Elgg, ElggChat, and Greener HTTP Polling

At my new job, we maintain a site powered by Elgg, the PHP-based social networking platform. I’m enjoying getting to know the system and the development community, but my biggest criticisms are related to plugins.

On the basis of “keeping the core light”, almost all functionality is outsourced to plugins, and you’ll need lots of them. Venturing beyond the “core” plugins—generally solid, but often providing just enough functionality to leave you wanting—is scary because generally you’re tying 3rd-party code into the event system running every request on the site. Nontrivial plugins have to provide a lot of their own infrastructure and this seems to make it more likely that you’ll run into conflict bugs with other plugins. With Elgg being a small-ish project, non-core plugins tend to end up not well-maintained, which makes the notion of upgrading to the latest Elgg version a bit scary when there have been API changes. Then there’s the matter of determining in what order your many plugins sit in the chain; order can mean subtle differences in processing and you just have to shift things around hoping to not break something while fixing something else. Those are my initial impressions anyway, and no doubt many other open source systems relying heavily on plugins have these problems. There’s a lot of great rope to hang yourself with.

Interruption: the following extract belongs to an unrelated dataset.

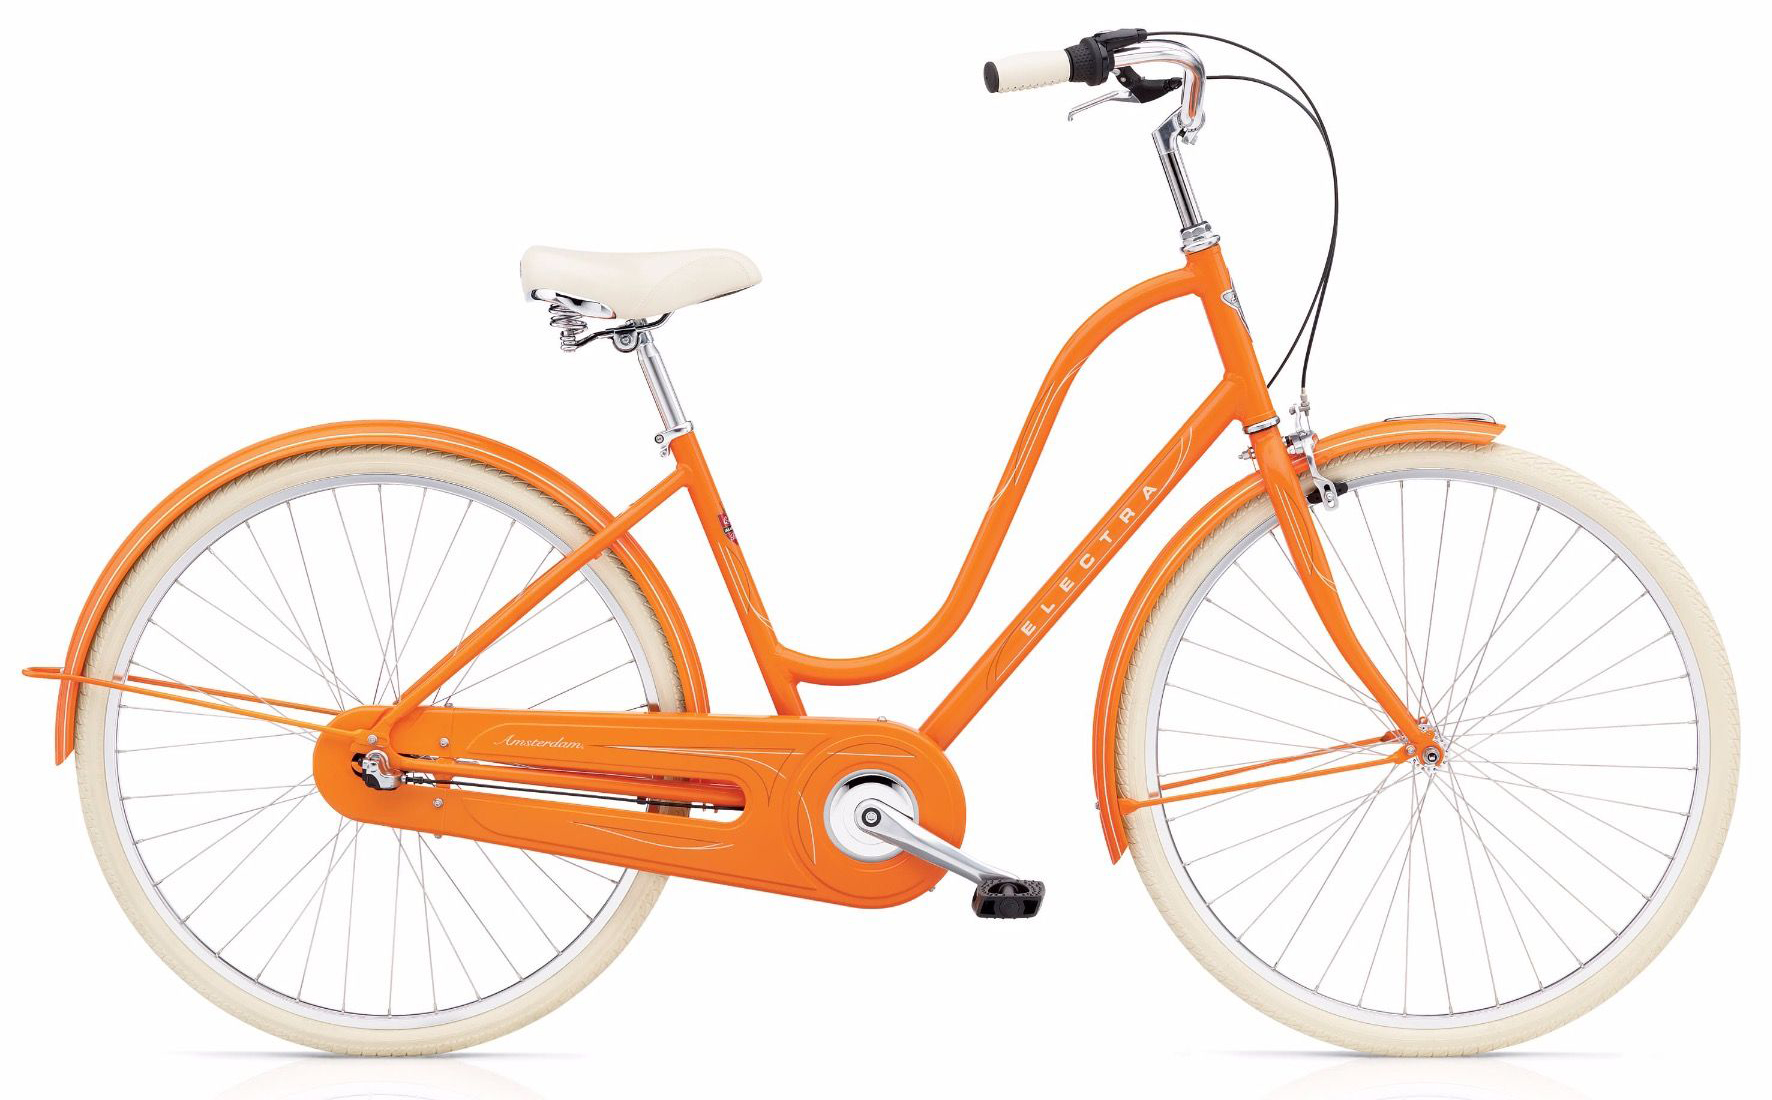  Отзывы о Женском велосипеде Electra Amsterdam Original 3i ladies 2019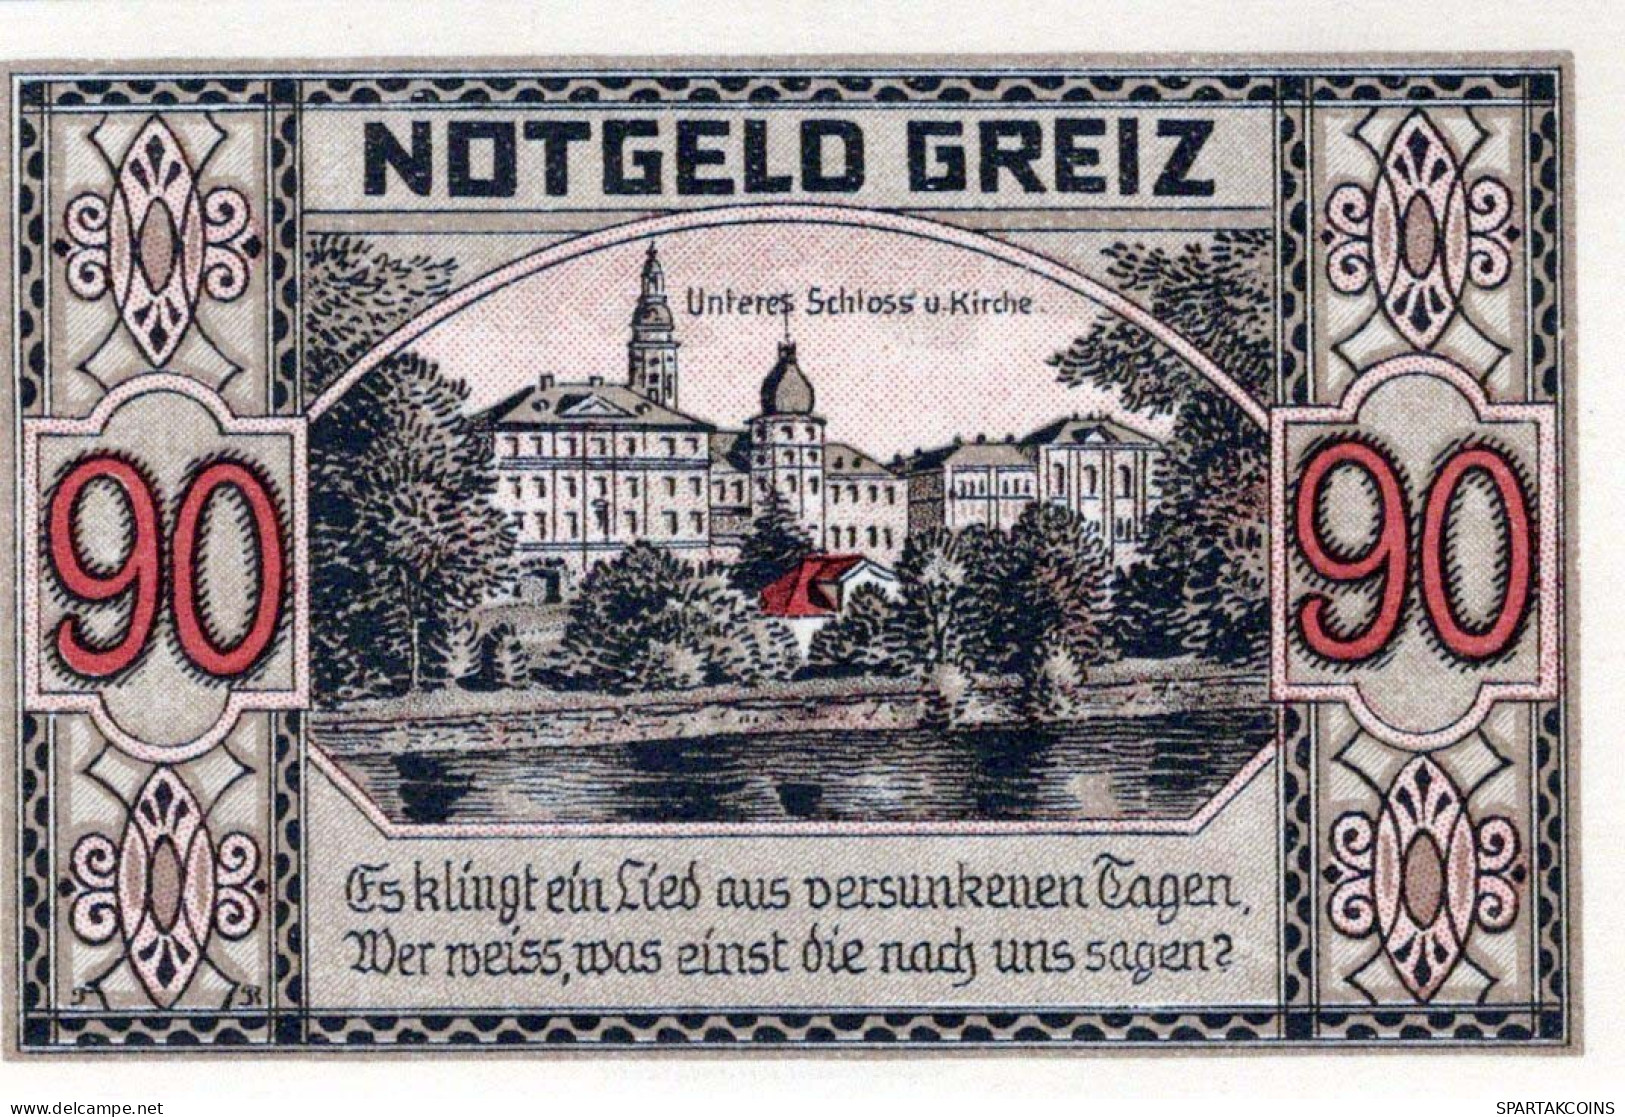 90 PFENNIG 1921 Stadt GREIZ Thuringia UNC DEUTSCHLAND Notgeld Banknote #PH700 - [11] Emisiones Locales

Jeroen Dalsem’s ElggChat seems to be the slickest chat mod for Elgg. Its UI more or less mirrors Facebook’s chat, making it instantly usable. It’s a nice piece of work. Now for the bad news (as of version 0.4.5):

  • Every tab of every logged in user polls the server every 5 or 10 seconds. This isn’t a design flaw—all web chat clients must poll or use some form of comet (to which common PHP environments are not well-suited)—but other factors make ElggChat’s polling worse than it needs to be:
  • Each poll action looks up all the user’s friends and existing chat sessions and messages and returns all of that in every response. If the user had 20 friends, a table containing all 20 of them would be generated and returned every 5 seconds. The visible UI would also become unwieldy if not unusable.
  • The poll actions don’t use Elgg’s “action token” system (added in 1.6 to prevent CSRFs). This isn’t much of a security flaw, but in Elgg 1.6 it fills your httpd logs with “WARNING: Action elggchat/poll was called without an action token…” If you average 20 logged in users browsing the site, that’s 172,800 long, useless error log entries (a sea obscuring errors you want to see) per day. Double that if you’re polling at 5 seconds.
  • The recent Elgg 1.7 makes the action tokens mandatory so the mod won’t work at all if you’ve upgraded.
  • Dalsem hasn’t updated it for 80 days, I can’t find any public repo of the code (to see if he’s working on it), and he doesn’t  respond to commenters wondering about its future.

The thought of branching and fixing this myself is not attractive at the moment, for a few reasons (one of which being our site would arguably be better served by a system not depending on the Elgg backend, since we have content in other systems, too), but here are some thoughts on it.

Adding the action token is obviously the low hanging fruit. I believe I read Facebook loads the friends and status list only every 3 minutes, which seems reasonable. That would cut most of the poll actions down to simply maintaining chat sessions. Facebook’s solution to the friends online UI seems reasonable: show only those active, not offline users.

“Greener” Polling

Setting aside the ideal of comet connections, one of the worst aspects of polling is the added server load of firing up server-side code and your database for each of those extra (and mostly useless) requests. A much lighter mechanism would be to maintain a simple message queue via a single flat file, accessible via HTTP, for each client. The client would simply poll the file with a conditional XHR GET request and the httpd would handle this with minimal overhead, returning minimal 304 headers when appropriate.

In its simplest form, the poll file would just be an alerting mechanism: To “alert” a client you simply place a new timestamp in its poll file. On the next poll the client will see the timestamp change and immediately make another XHR request to fetch the new data from the server-side script.

Integrating this with ElggChat

In ElggChat, clicking a user creates a unique “chatsession” (I’m calling this “CID”) on the server, and each message sent is destined for a particular CID. This makes each tab in the UI like a miniature “room”, with the ability to host multiple users. You can always open a separate room to have a side conversation, even with the same user.

In the new model, before returning the CID to the sender, you’d update the poll files of both the sender and recipient, adding the CID to each. When the files are modified, you really need to keep only a subset of recent messages for each CID. Just enough to restore the chat context when the user browses to a new page. The advantage is, all the work of maintaining the chat sessions and queues is only done when posts are sent, never during the many poll requests.

Since these poll files would all be sitting in public directories, their filenames would need to contain an unguessable string associated with each user.